Plate boundary-parallel extension causes basin formation on the Island of Rhodes, Greece

Crust underlying the Island of Rhodes is part of the forearc of the eastern Hellenic subduction zone. Deformation of the forearc rocks appears to be influenced by oblique plate convergence, subduction roll-back and horizontal-axis rotation, the relative importance of these processes is not well known. The southeast coast of Rhodes hosts Pliocene to Pleistocene marine strata, attributed to fault-controlled basin formation. However, it is poorly understood how faulting is intertwined with deposition of marine strata and how basin formation relates to the first-order tectonic processes. To examine these relationships in detail, the Lardos area was selected, due to its excellent exposure of marine sedimentary strata and fault scarps. Neotectonic deformation on multiple scales was assessed employing satellite- and drone-based imagery, differential GPS as well as lithological and structural mapping.
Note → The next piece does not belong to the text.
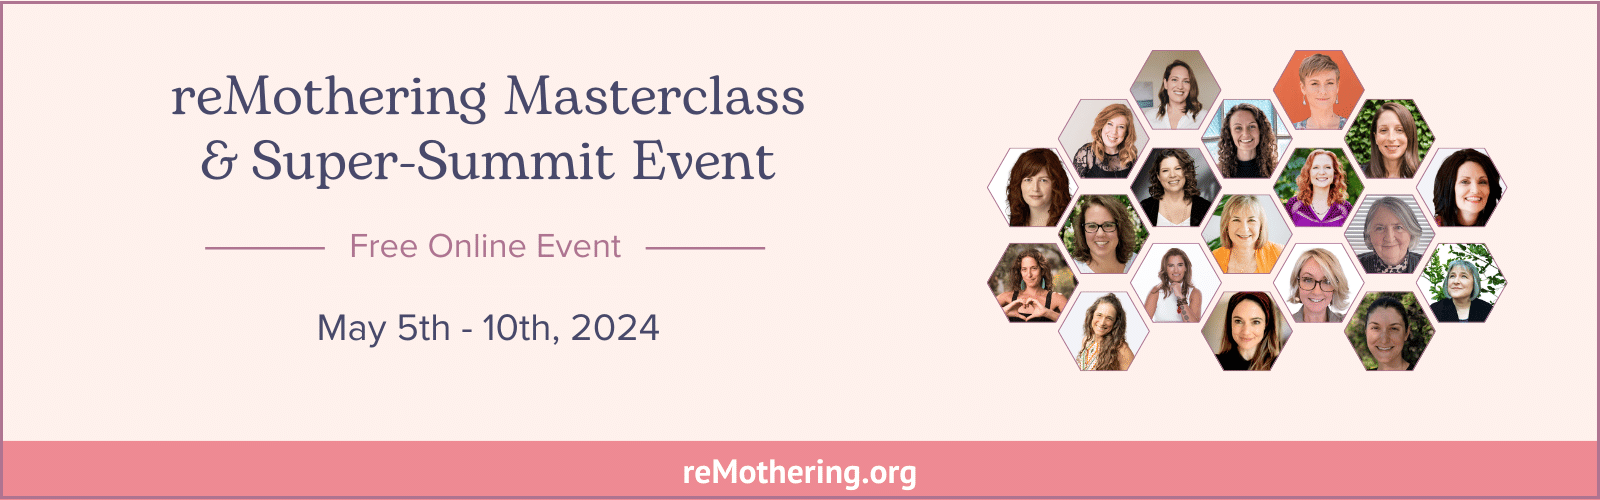 reMothering Masterclass - save the date

Collectively, these observations point to the following sequence of tectono-sedimentary stages of basin formation: Normal faulting initiated the Pre-Pleistocene graben formation. Based on the occurrence of the sedimentary breccia along the fault scarps and displaced Pleistocene marine terraces, graben-bounding normal faults continued to be active during and after the Pleistocene. Faulting affected Pre-Pleistocene carbonate rocks and the unconformably overlying Pleistocene marine sedimentary strata. During uplift of the southeast coast of Rhodes, marine terraces formed and reshaped the paleo relief. Graben formation can be attributed to overall ENE-WSW, i.e., plate boundary-parallel, extension of the forearc rocks. This extension direction can be explained by increasing crustal stretching along the forearc as a consequence of progressive tightening of the curved Hellenic subduction zone.